Read Also: NEFT vs RTGS vs UPI vs IMPS: A Comparative Study
Difference Between UPS vs NPS
The key difference between the Unified Pension Scheme and the National Pension Scheme is as follows:
| Particular | UPS | NPS |
|---|---|---|
| Pension Amount | UPS offers a fixed Pension amount. | The Pension through NPS depends on the corpus accumulated. |
| Minimum Pension | A minimum guaranteed Pension of INR 10,000 is provided in this scheme. | There is no provision for a minimum Pension. |
| Eligibility | This scheme applies only to central Government employees. | Both central and state Government employees, along with private individuals, are eligible for NPS. |
| Market Risk | There is no market risk in it. | As the amount under this scheme is invested in market-linked instruments. Hence, it carries a high risk. |
| Inflation | The amount of the Pension is adjusted for inflation. | There are no provisions for inflation adjustment. |
| Portability | Central Government employees opting for UPS can port their investment. | Portability across sectors applies to it. |
Conclusion
The recent introduction of the Unified Pension Scheme by the Government of India is a major reform by the Indian Government in providing benefits to Central Government Employees. It offers an assured Pension without any market risk. However, the Pension amount depends on the corpus accumulated by the employee during their service period. However, it is advisable to consult your investment advisor for your comprehensive retirement planning, as it can help you in managing your expenses post-retirement.

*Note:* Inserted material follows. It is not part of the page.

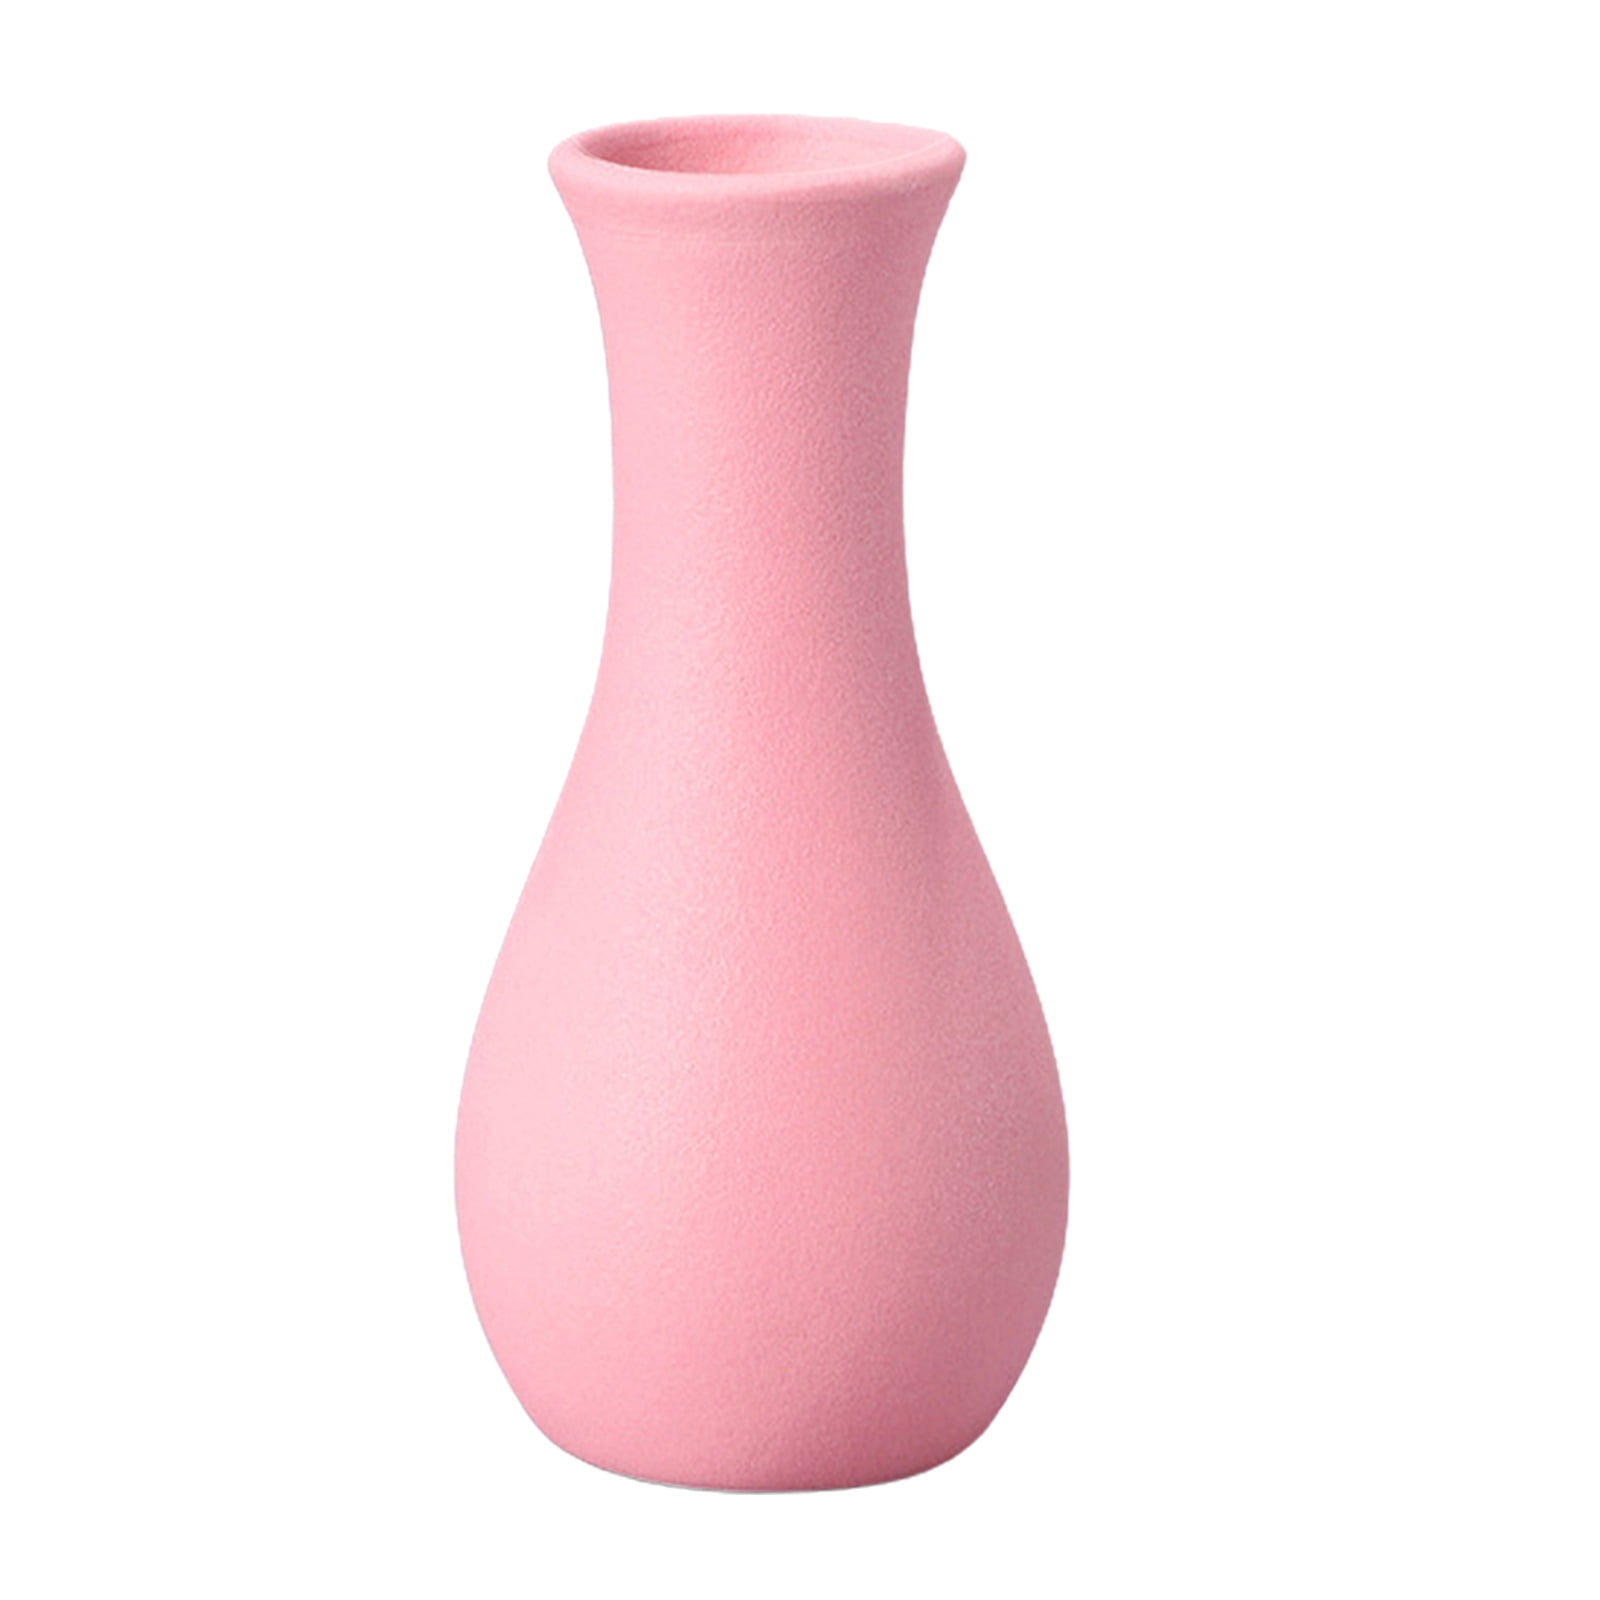 Pink Ceramic Flower Vase Cylinder Glazed Bottle Home Decor Ornament Gift 18cm

Frequently Asked Questions (FAQs)
What is the minimum Pension amount under the Unified Pension Scheme?
If an employee has served a minimum period of 10 years, they will get a minimum Pension of 10,000 INR per month.
Can a private sector employee get a Pension under the Unified Pension Scheme?
No, a private sector employee cannot invest in the Unified Pension Scheme; therefore, they are not eligible to get a Pension under UPS.
Will UPS provide a Pension to the employee’s family after their death?
Yes, UPS provides a family Pension scheme, which means that in case of the death of an employee, their spouse or an eligible family member will get 60% of the Pension that the employee would have received.
Can an existing employee opt for the Unified Pension Scheme?
Yes, an existing central Government employee can opt for the Unified Pension Scheme once in their service tenure. However, once they opt for UPS, they cannot switch back to NPS.
When will the Unified Pension Scheme come into effect?
The Unified Pension Scheme came into effect from 1st April 2025.
Disclaimer
The securities, funds, and strategies discussed in this blog are provided for informational purposes only. They do not represent endorsements or recommendations. Investors should conduct their own research and seek professional advice before making any investment decisions.